There was no effect of the MVP intervention on body composition and diet quality (Table 3). In the additional analysis considering sex, body fat decreased after the intervention in women only in the MVP group (−1.2 ± 2.6 kg, p < 0.05, Supplementary Table S1), however, without differences between groups. Participant engagement was low; overall, 50% of the MVP group did not access the platform. Among those who accessed the platform, 37.5% accessed it less than 10 times, 29.2% accessed it between 10 and 24 times, and 33% accessed it more than 24 times.

Table 3.

Effects of My Viva Plan on Body Composition and Diet Quality

 
Control group
MVP group
Time × group interaction
Baseline
Twelve weeks
Baseline
Twelve weeks
Per protocol * Mean SD Mean SD Mean SD Mean SD p a
Weight (kg) 64.2 12.1 65.4 11.3 65.4 11.2 65.6 11.6 0.84
BMI (kg/m2) 22.7 3.8 23.6 3.2 22.8 3.7 23.1 5.1 0.27
Body fat (%) 22.9 7.7 21.9 8.2 25.4 6.4 23.5 6.7d 0.22
Body fat (kg) 14.7 6.1 14.2 6.3 16.9 5.3 15.5 5.7d 0.23
Lean mass (kg) 49.4 10.4 50.4 10.6c 49.1 8.8 50.1 9.7c 0.96
Diet quality score 53.6 24.9 54.7 25.9 53.7 21.7 45.9 20.2c 0.11
Intention to treat** Mean 95% CI Mean 95% CI Mean 95% CI Mean 95% CI p b
Weight (kg)
64.2
61.0–67.7
64.7
64.2–70.5
65.1
62.0–68.6
65.3
62.5–68.0
0.42
BMI (kg/m2)
22.9
21.0–23.9
23.0
22.0–26.0
23.3
22.4–24.2
23.4
22.5–24.4
0.71
Body fat (%)
23.4
21.4–25.6
22.3
20.1–24.7
24.2
22.1–26.4
22.4
16.5–22.8
0.70
Body fat (kg)
15.7
13.6–18.0
14.6
12.6–16.9
14.9
12.9–17.1
13.5
20.8–25.9
0.52
Lean mass (kg)
49.2
46.2–52.1
50.6
47.0–47.8
49.6
47.0–52.0
50.6
47.8–53.5
0.42
Diet quality score 53.7 50.4–56.0 54.4 49.5–57.5 53.4 51.4–56.3 45.9 47.3–51.2 0.67
*

n = 45 (control group) and n = 35 (My Viva group).

**

n = 49 (control group) and n = 48 (My Viva group).

a

ANCOVA with adjustment for the baseline observation when variables were not homoscedastic at baseline in the per-protocol analysis or bintention-to-treat analysis adjusted by sex.

c

p < 0.05 and dp < 0.01 versus baseline by paired t-test.

Discussion

This study examined the effects of a web-based tool on perceived stress, diet quality, and body composition in first-year university students. No significant changes were observed in any outcome measure. Although body fat mass decreased in women in the intervention arm, there were no differences between the intervention and control groups. These findings should be interpreted with caution in view of the very low access of the MVP platform.

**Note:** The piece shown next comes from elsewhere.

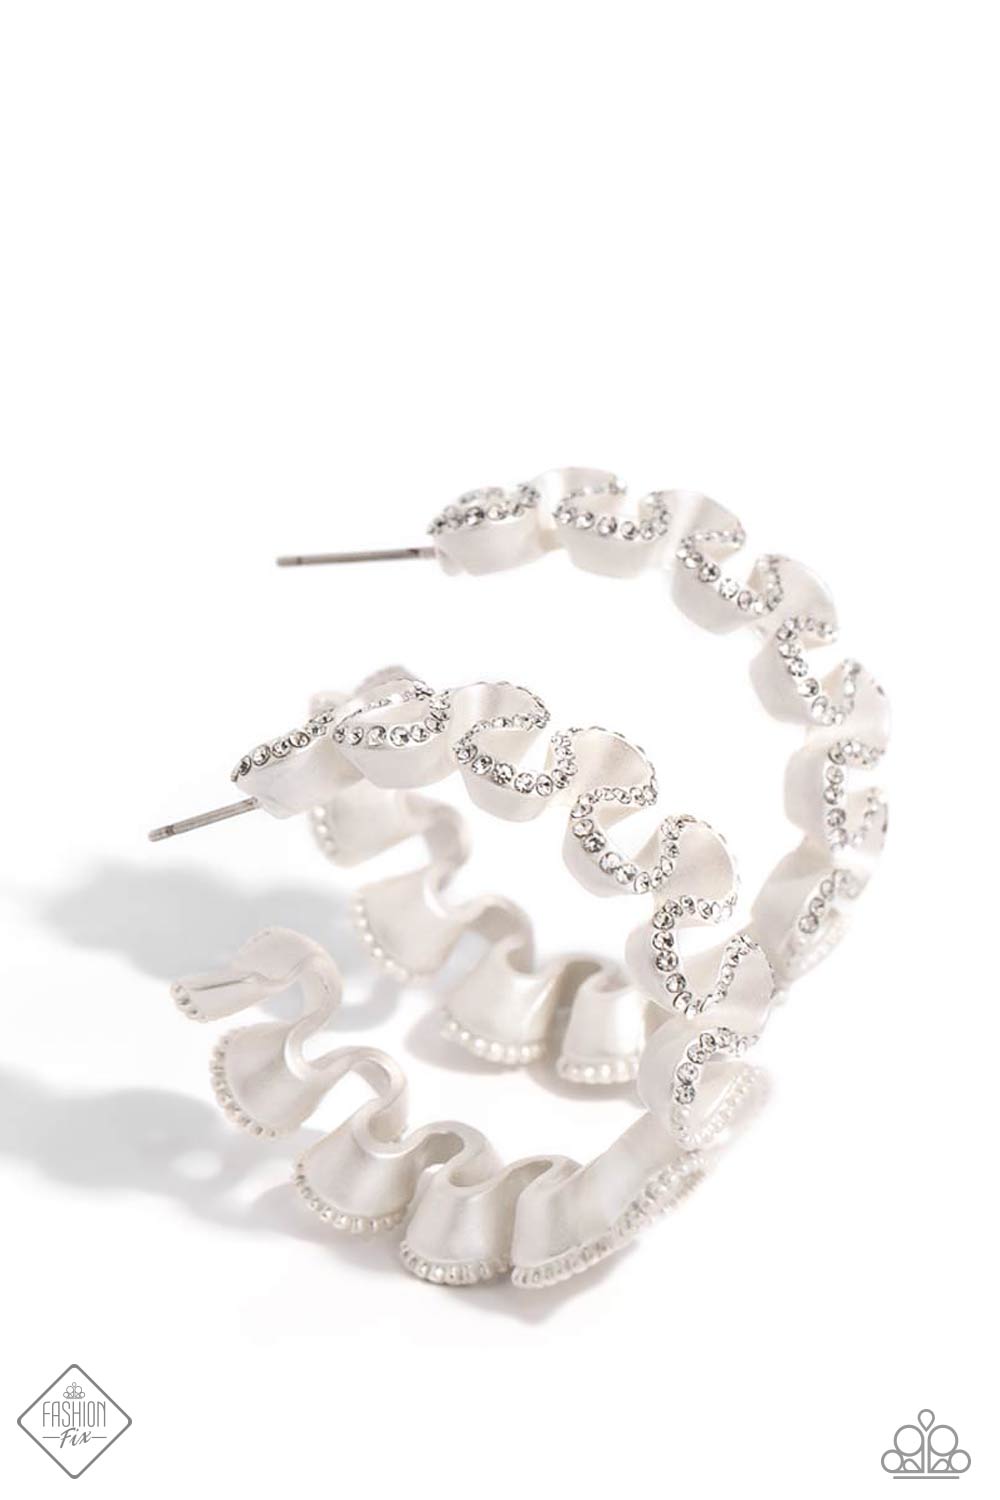 Resolutely Ruffled White Hoop Earring - Paparazzi Accessories  Meticulously dotted with white rhinestones, white pearlescent-painted ribbons playfully gather around the ear for an elegant display. Earring attaches to a standard post fitting. Hoop measures approximately 1 1/2" in diameter.  Sold as one pair of hoop earrings.  Sku:  P5HO-WTXX-160SY

Our findings are consistent with previous randomized clinical trials involving e-health, in which college students showed low adherence to the intervention.21 A previous study highlighting difficulties in maintaining user engagement showed that access to a popular platform (Localytics) across more than 2.7 billion devices and 37,000 mobile and web apps was low; 23% of users used the app only once, while 39% of users returned to the app for 11 or more sessions.22

Considering these low engagement rates, constant follow-up and encouragement may be needed to improve adherence in future studies involving university students. A limitation of this study was the lack of control over usage time when accessing the program.

The low rate of access hereby observed may be related to the characteristics of our cohort of healthy young individuals. Previous studies in clinical populations, such as individuals with cancer,23 hypertension,24 or asthma,25 have reported higher engagement and adherence to e-health interventions compared with ours. These findings suggest that the need for disease self-monitoring and care may play a special role in motivation and adherence to web-based interventions.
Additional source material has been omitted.